Oh man these are tasty













Thanks for looking


----------



## meateater (Aug 3, 2010)

OK, enough with the sourdough lately... I get the hint. My lonely starter is beconing to come alive again. 
	

	
	
		
		



		
		
	


	





  Scarbelly, those rolls are


----------



## rdknb (Aug 3, 2010)

That looks good


----------



## smokingohiobutcher (Aug 3, 2010)

OMG!!! YUM!







SOB


----------



## mballi3011 (Aug 3, 2010)

Now those are some really good looking rolls there Scar.


----------



## the dude abides (Aug 3, 2010)

We spent like a half hour on the phone today and no mention of these little loaves of goodness!!!  Shame on you.  Look great.  Now I'm off to try and find a link to these Chicken Mango Jalopeno sausage's.  Dang those sound good!


----------



## scarbelly (Aug 3, 2010)

The Dude Abides said:


> We spent like a half hour on the phone today and no mention of these little loaves of goodness!!!  Shame on you.  Look great.  Now I'm off to try and find a link to these Chicken Mango Jalopeno sausage's.  Dang those sound good!

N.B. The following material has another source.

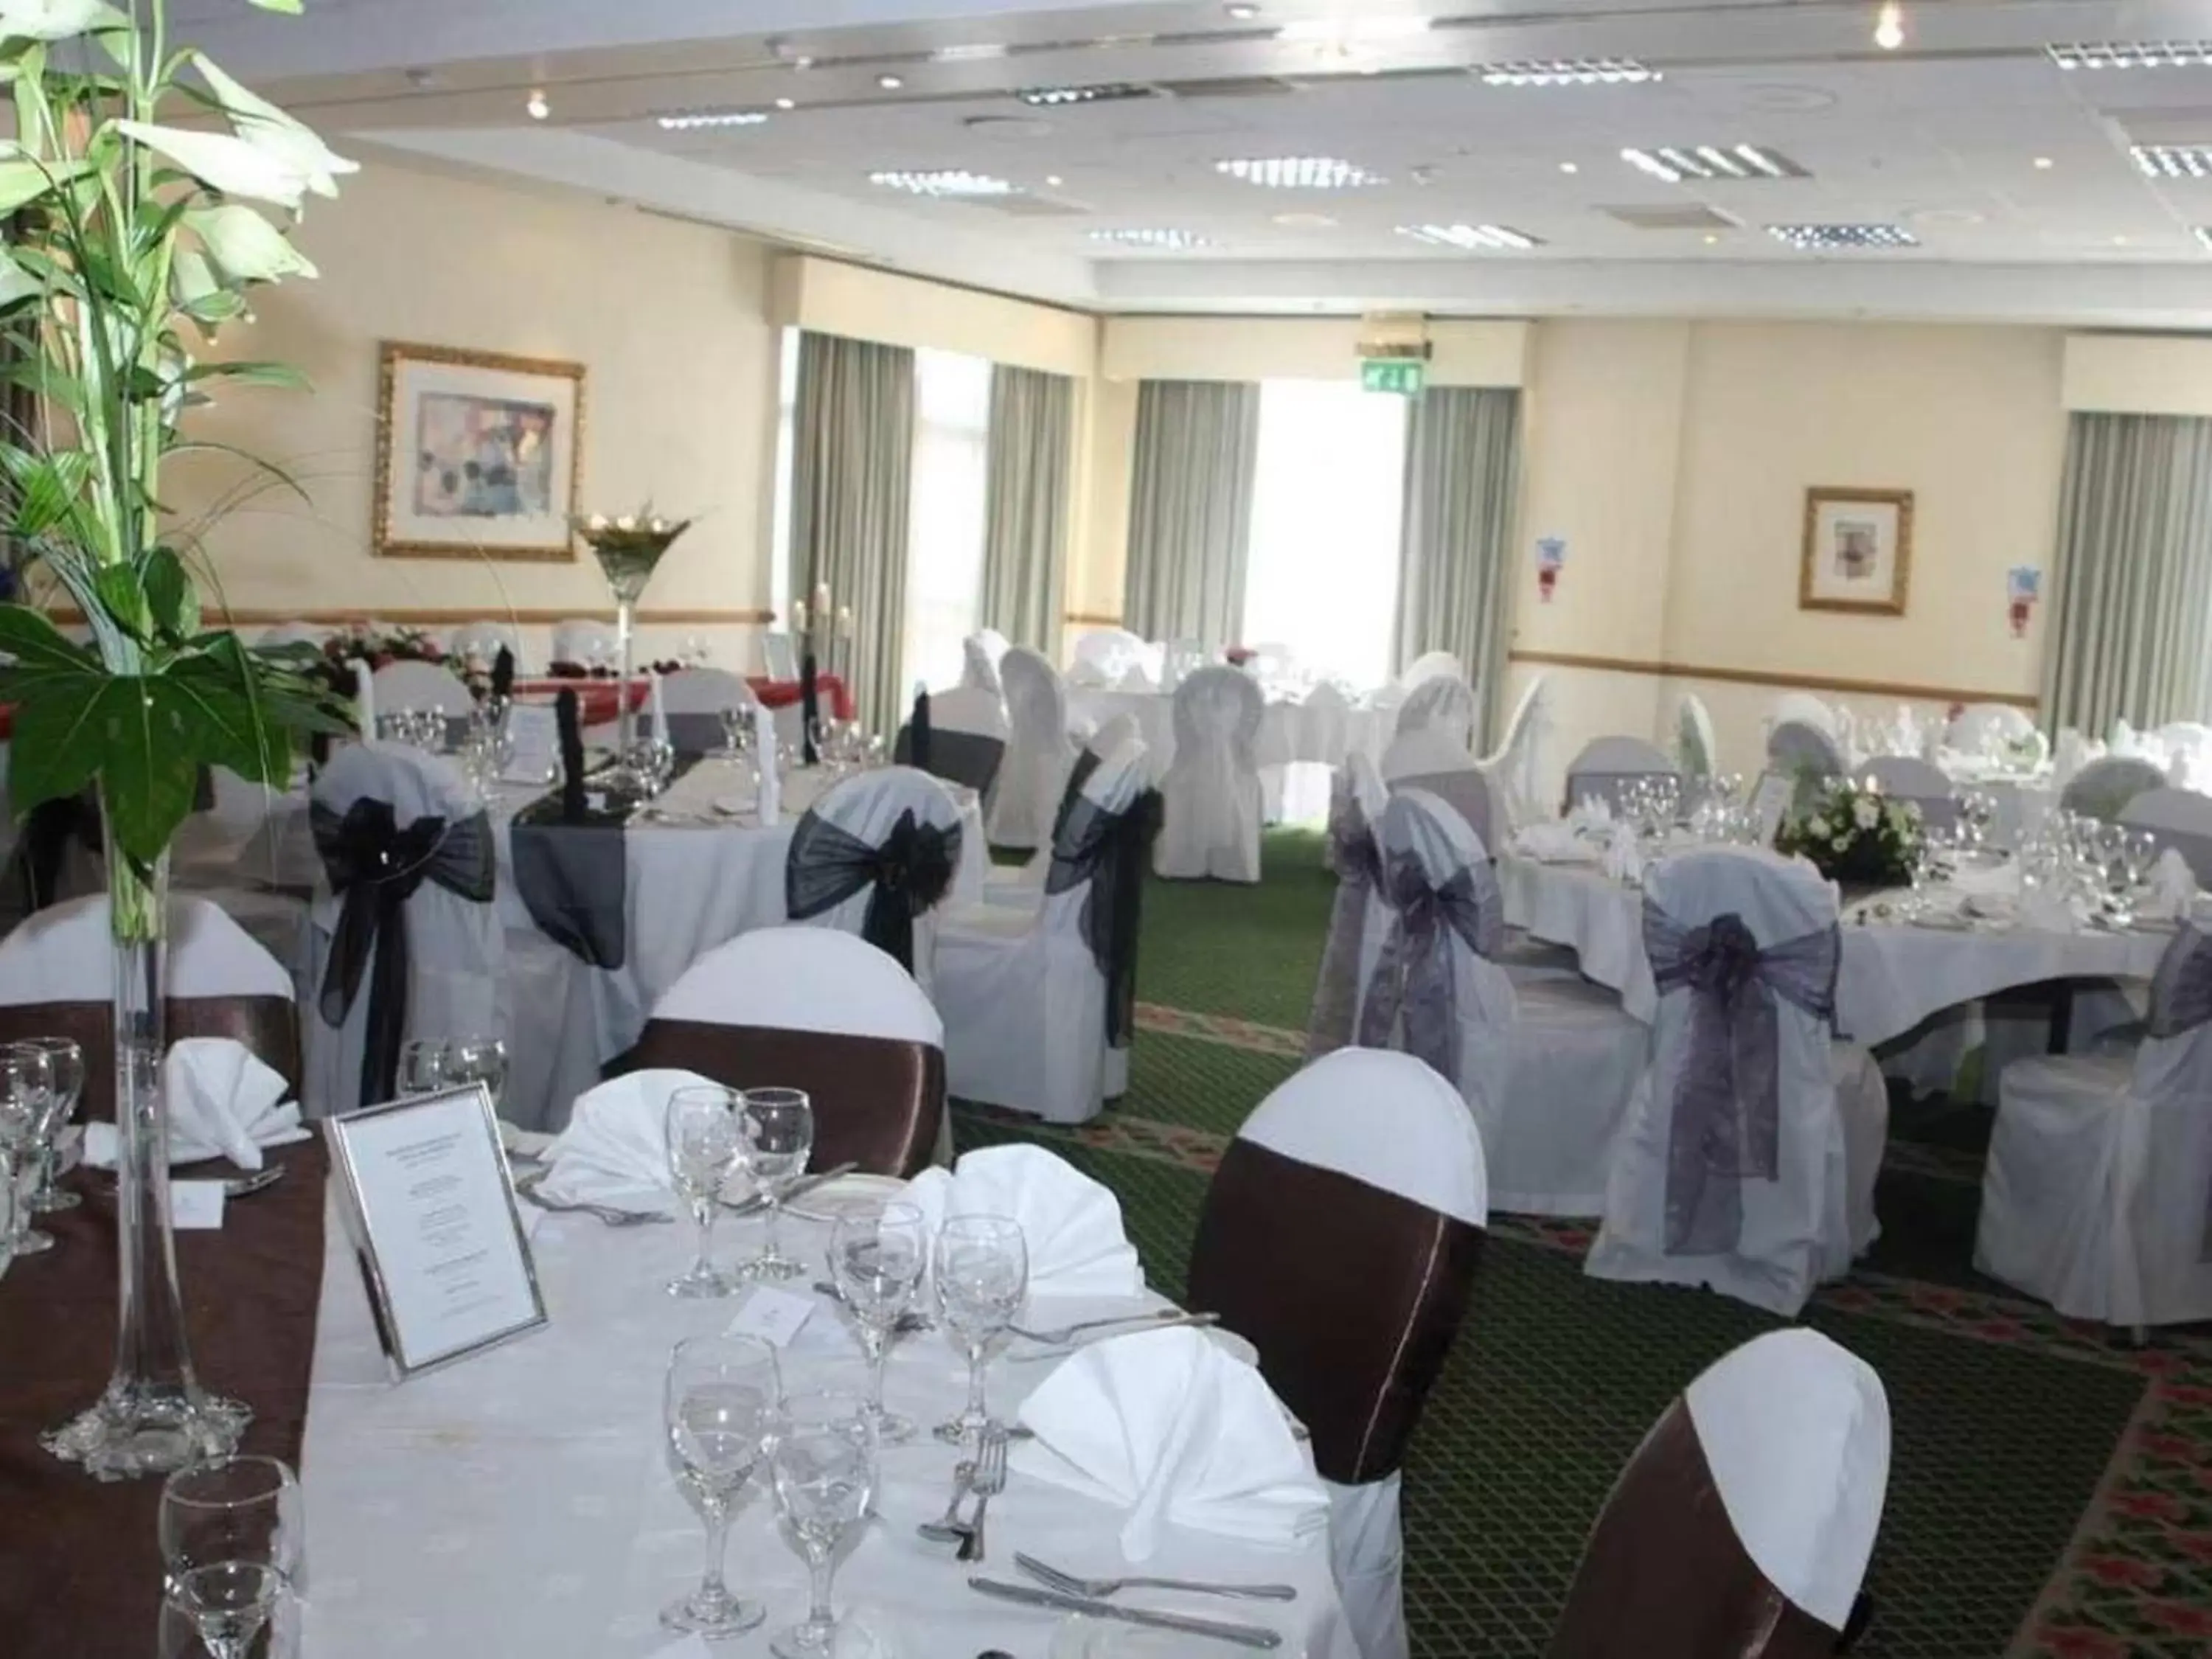 Banquet/Function facilities, Banquet Facilities in Basingstoke Country Hotel & Spa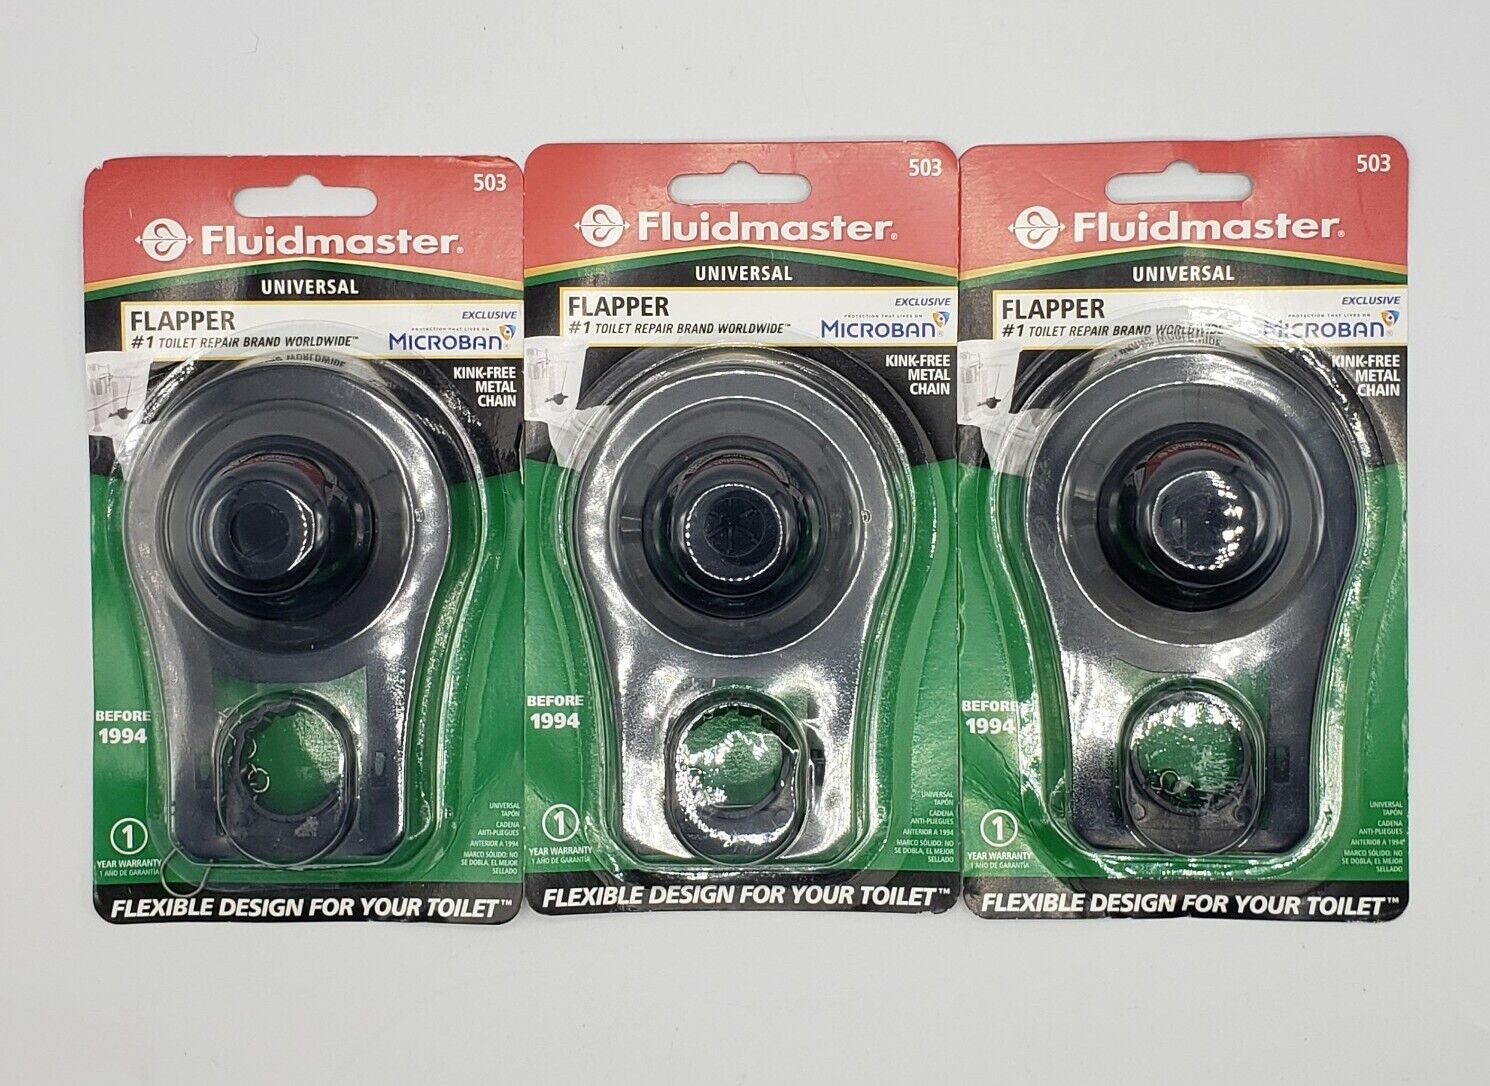 Fluidmaster Toilet Flapper 503 Black Universal For Toilets Prior to 1994 -3 pack Fluidmaster Fluidmaster

Here is the link we talked about Jay -

http://www.smokingmeatforums.com/forum/thread/96024/chicken-mango-jalopeno-sausage


----------



## Bearcarver (Aug 4, 2010)

Those look awesome Scarbelly !
	

	
	
		
		



		
		
	


	





Bear


----------



## squirrel (Aug 4, 2010)

Very nice rolls Scarbelly! I am a sucka for some yummy homemade rolls! That sausage sounds yummo too, you are very creative dear sir!


----------



## mrrmobile (Nov 17, 2010)

Where can I get the recipe for these?

Thanks!

Mike


----------



## chefrob (Nov 17, 2010)

musta missed this one............nice buns ya got there gary.


----------



## DanMcG (Dec 20, 2010)

Any chance you could share the recipe SB?


----------



## scarbelly (Dec 20, 2010)

Dan

I am at work but from what I remember it was just a basic recipe for sourdough rolls and we added some shredded smoked cheddar and some grilled onions to it.  I will look tonite when I get home


----------